# AIM OF THE EXERCISE:
What you give back should be exactly the opening lines of the data, ending with the line that contains "Aräometer, DIN 12791, L50, 1,95-2,00:0,0005g/cm³, Bezugstemp." and including it.

(Stored records)

══════════

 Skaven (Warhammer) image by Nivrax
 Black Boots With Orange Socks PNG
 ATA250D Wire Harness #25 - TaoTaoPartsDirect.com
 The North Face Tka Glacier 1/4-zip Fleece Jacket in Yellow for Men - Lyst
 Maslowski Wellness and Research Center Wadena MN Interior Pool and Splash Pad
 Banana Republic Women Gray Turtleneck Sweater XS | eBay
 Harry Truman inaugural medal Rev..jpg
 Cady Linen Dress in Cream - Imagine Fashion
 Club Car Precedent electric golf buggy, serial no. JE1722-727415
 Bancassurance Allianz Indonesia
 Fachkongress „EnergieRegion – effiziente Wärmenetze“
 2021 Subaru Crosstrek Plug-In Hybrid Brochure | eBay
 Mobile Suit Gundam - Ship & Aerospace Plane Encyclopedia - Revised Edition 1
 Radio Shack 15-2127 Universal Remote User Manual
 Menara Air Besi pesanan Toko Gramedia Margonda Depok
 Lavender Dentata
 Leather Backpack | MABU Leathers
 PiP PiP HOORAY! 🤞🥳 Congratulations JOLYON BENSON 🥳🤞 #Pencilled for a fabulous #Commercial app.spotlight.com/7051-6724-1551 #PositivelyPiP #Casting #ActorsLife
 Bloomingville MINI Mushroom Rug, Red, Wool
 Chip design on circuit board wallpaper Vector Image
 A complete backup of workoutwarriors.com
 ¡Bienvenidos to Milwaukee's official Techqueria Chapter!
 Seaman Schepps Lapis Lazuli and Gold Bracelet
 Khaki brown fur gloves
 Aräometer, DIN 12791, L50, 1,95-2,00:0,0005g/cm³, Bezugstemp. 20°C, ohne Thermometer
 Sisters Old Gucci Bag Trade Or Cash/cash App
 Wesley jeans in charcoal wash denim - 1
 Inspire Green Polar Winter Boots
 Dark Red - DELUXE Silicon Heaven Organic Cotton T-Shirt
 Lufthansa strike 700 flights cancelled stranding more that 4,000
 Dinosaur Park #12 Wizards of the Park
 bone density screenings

══════════

# ANSWER FOR THIS EXERCISE:
 Skaven (Warhammer) image by Nivrax
 Black Boots With Orange Socks PNG
 ATA250D Wire Harness #25 - TaoTaoPartsDirect.com
 The North Face Tka Glacier 1/4-zip Fleece Jacket in Yellow for Men - Lyst
 Maslowski Wellness and Research Center Wadena MN Interior Pool and Splash Pad
 Banana Republic Women Gray Turtleneck Sweater XS | eBay
 Harry Truman inaugural medal Rev..jpg
 Cady Linen Dress in Cream - Imagine Fashion
 Club Car Precedent electric golf buggy, serial no. JE1722-727415
 Bancassurance Allianz Indonesia
 Fachkongress „EnergieRegion – effiziente Wärmenetze“
 2021 Subaru Crosstrek Plug-In Hybrid Brochure | eBay
 Mobile Suit Gundam - Ship & Aerospace Plane Encyclopedia - Revised Edition 1
 Radio Shack 15-2127 Universal Remote User Manual
 Menara Air Besi pesanan Toko Gramedia Margonda Depok
 Lavender Dentata
 Leather Backpack | MABU Leathers
 PiP PiP HOORAY! 🤞🥳 Congratulations JOLYON BENSON 🥳🤞 #Pencilled for a fabulous #Commercial app.spotlight.com/7051-6724-1551 #PositivelyPiP #Casting #ActorsLife
 Bloomingville MINI Mushroom Rug, Red, Wool
 Chip design on circuit board wallpaper Vector Image
 A complete backup of workoutwarriors.com
 ¡Bienvenidos to Milwaukee's official Techqueria Chapter!
 Seaman Schepps Lapis Lazuli and Gold Bracelet
 Khaki brown fur gloves
 Aräometer, DIN 12791, L50, 1,95-2,00:0,0005g/cm³, Bezugstemp. 20°C, ohne Thermometer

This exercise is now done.